What did it mean? he’d spent the rest of the appointment wondering. He couldn’t work it out now any more than he’d been able to when they’d left and Stella had asked if he wanted to talk about anything, anything at all, and he’d been too confused, too unsettled to say anything other than an abrupt, final ‘no’.
Which hadn’t gone down well. Stella’s face had instantly set and she’d been stonily silent in the taxi on the way back. He wasn’t sure why. He’d have thought she’d be as glad as he was that the scan had been normal and she and the baby were fine.
He should probably leave her to deal with whatever was going on and just sit it out.
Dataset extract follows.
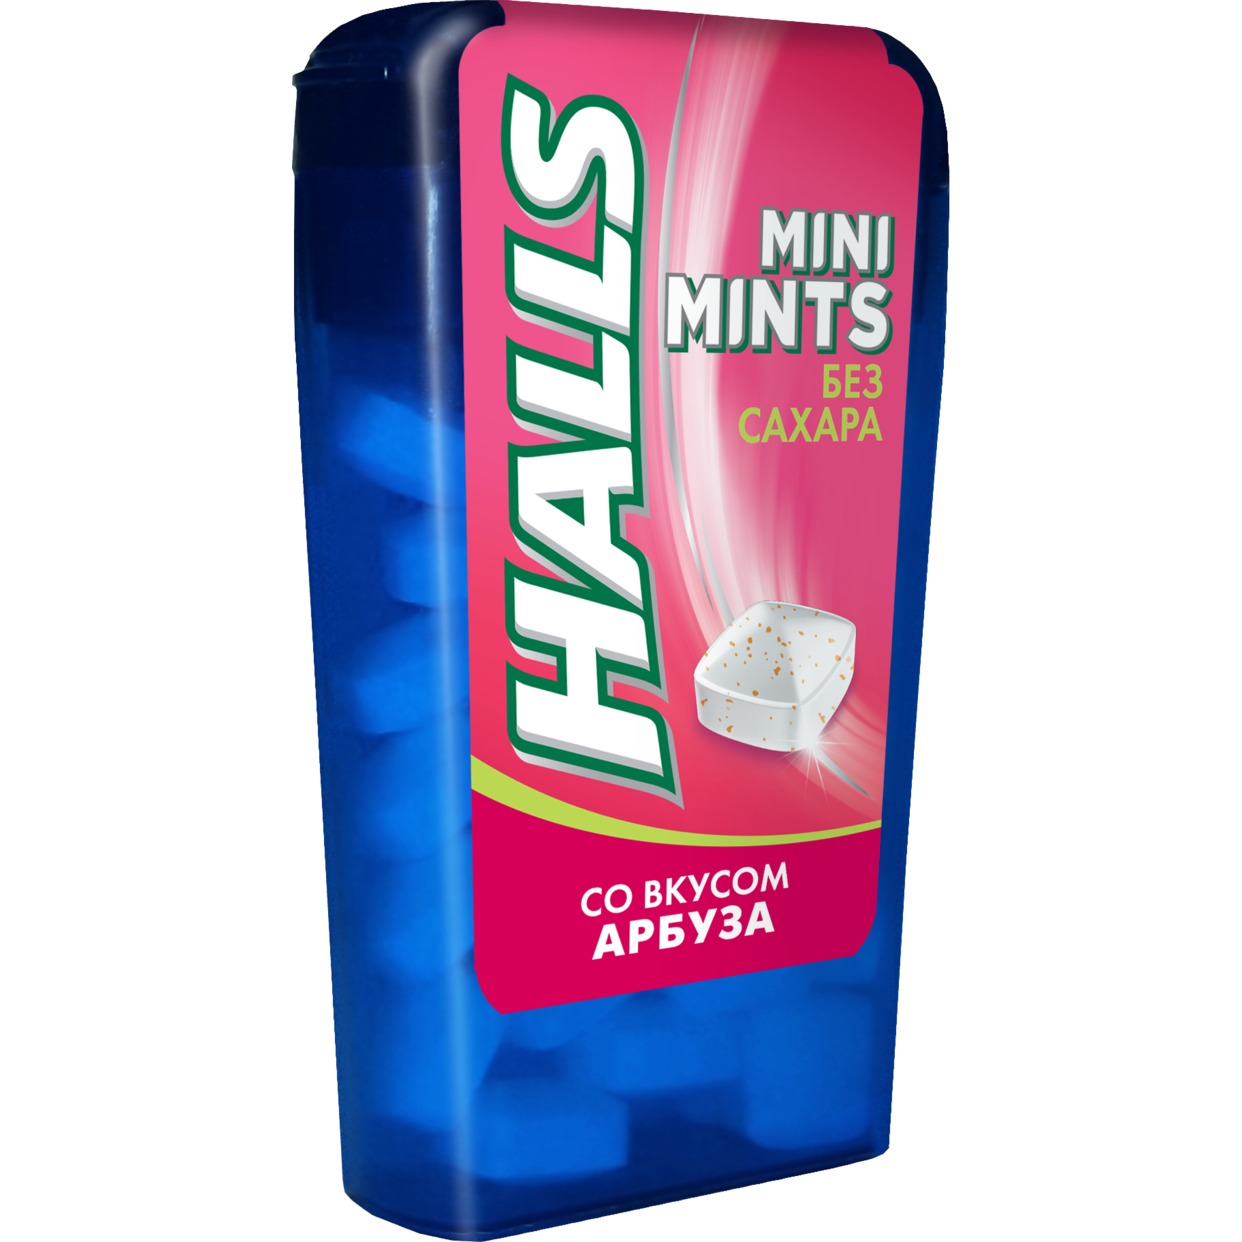 Конфеты Halls Mini Mints со вкусом арбуза без сахара 12.5г по акции в Пятерочке

For him, at least, that would be the safest course of action. Yet somehow that didn’t appeal. It reminded him of the time he’d left her in Scotland and hadn’t called her to apologise, and it seemed to smack of weakness.
Before he could change his mind, Jack put down his glass, strode across the room and hammered on Stella’s door.
“What?” she yelled from deep within.
“I’d like to come in.”
“It’s your flat.”
He opened the door. A suitcase was lying open on the bed and she was dashing round the room, throwing things into it. “Where are you going?” he said, watching her carefully and going strangely cold.